2. Jika hiperbilirubinemia adalah karena isoimunisasi golongan darah, infus
immunoglobulin intravena (IVIG) pada 500 mg / kg harus segera dimulai dan terus
sebelum dan selama transfer sampai selesai (2 jam).
3. Bahkan jika rumah sakit menentukan bahwa menerima transfusi tukar harus
dilakukan, terus fototerapi optimal sampai prosedur pertukaran yang sebenarnya
dapat dimulai adalah penting.
4. Jika fototerapi serat optik tersedia, bayi dapat dibiarkan di atas kasur serat optik
sementara bursa dilakukan. Hidrasi oral dengan pengganti ASI dapat membantu
pembersihan bilirubin dari usus, sehingga menghambat sirkulasi enterohepatik
bilirubin, dan harus diberikan dengan jelas kecuali kontraindikasi oleh negara klinis
bayi.
5. Meskipun tidak satupun dari saran ini telah diuji dalam uji acak terkendali, kasus
laporan, bilirubin Photobiology, dan pendapat ahli menyarankan bahwa mereka
mungkin bermanfaat dan, setidaknya tidak berbahaya.
Pencegahan
 Pencegahan penyakit kuning neonatal parah yang terbaik dicapai melalui perhatian
terhadap status risiko bayi sebelum pulang dari rumah sakit lahir, melalui pendidikan
orang tua, dan melalui perencanaan yang matang dari postdischarge tindak lanjut.
 Sebuah predischarge bilirubin pengukuran, diperoleh dengan pengukuran transkutan
atau serum dan diplot menjadi nomogram jam tertentu, telah terbukti menjadi alat
yang berguna pada bayi yang membedakan dengan risiko rendah kemudian
mengembangkan nilai-nilai tinggi bilirubin.

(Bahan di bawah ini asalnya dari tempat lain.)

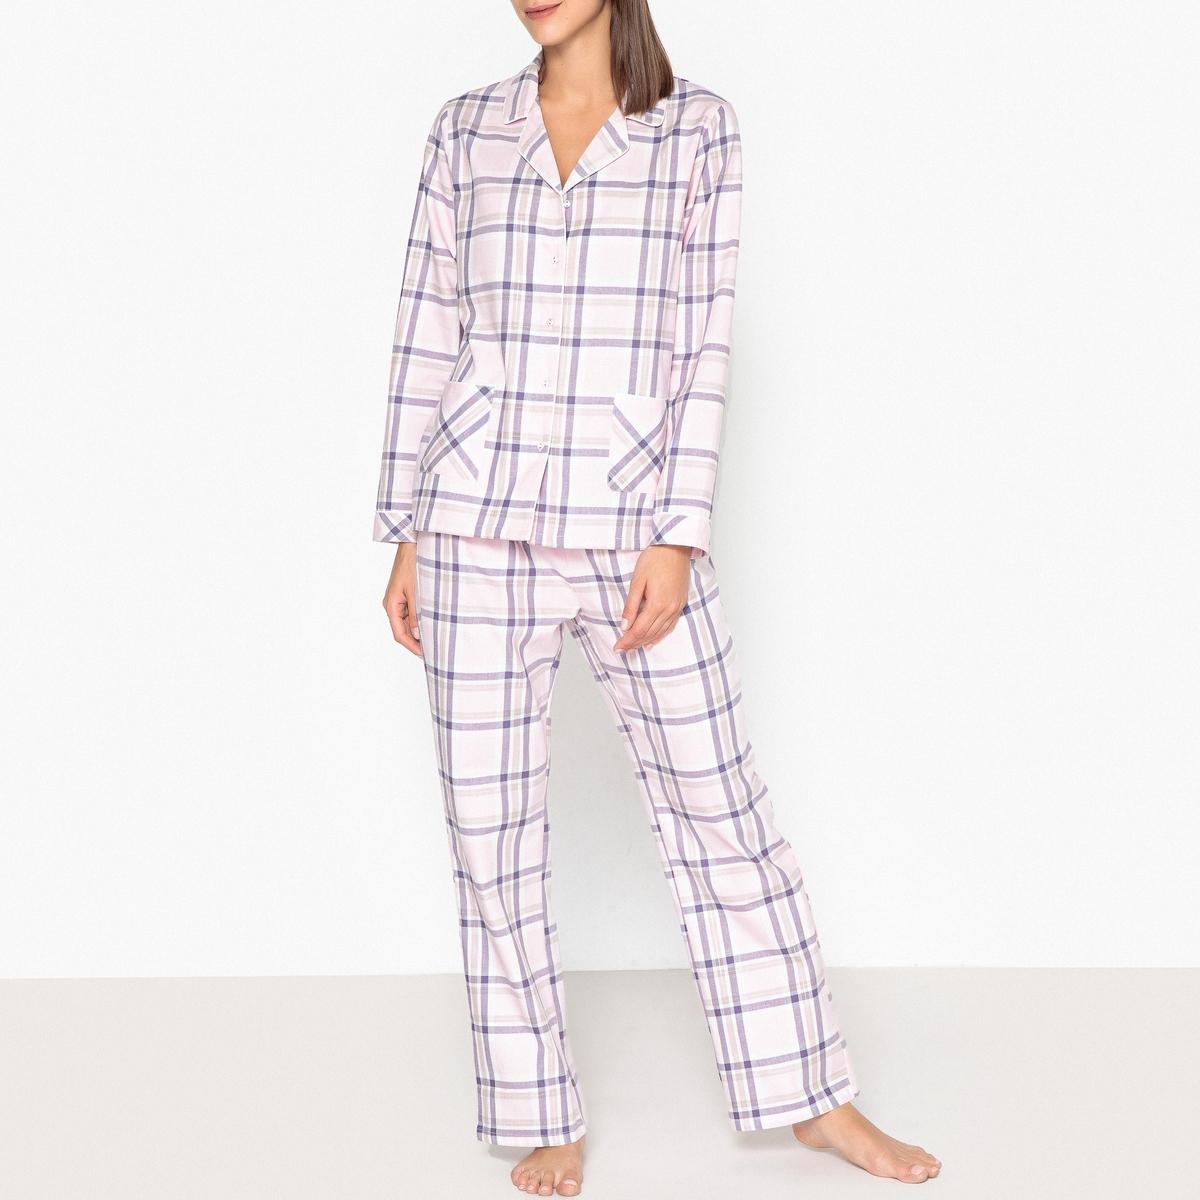 Pijama camisero

 Faktor risiko klinis termasuk usia kehamilan kurang dari 38 minggu, penggunaan
oksitosin atau vakum pada saat persalinan, pemberian ASI eksklusif, saudara yang
lebih tua dengan penyakit kuning neonatal yang dibutuhkan fototerapi, kenaikan ≥ 6
mg / dL / hari (≥ 100 μ mol / L / hari) secara total kadar bilirubin serum, dan
hematoma atau memar yang luas. Berat lahir juga berhubungan dengan risiko
pengembangan penyakit kuning yang signifikan; semakin tinggi berat lahir, semakin
tinggi risiko.
Prognosa
 Prognosis baik jika pasien mendapat penanganan berdasarkan pedoman.
 Kerusakan otak akibat kernikterus tetap menjadi risiko, dan insiden meningkat jelas
kernikterus dalam beberapa tahun terakhir mungkin karena kesalahpahaman bahwa
penyakit kuning pada bayi sehat tidak berbahaya dan dapat diabaikan.
 Orang tua harus dididik tentang ikterus neonatal dan menerima informasi tertulis
sebelum pulang dari rumah sakit kelahiran. Leaflet informasi orang tua sebaiknya
harus tersedia dalam beberapa bahasa.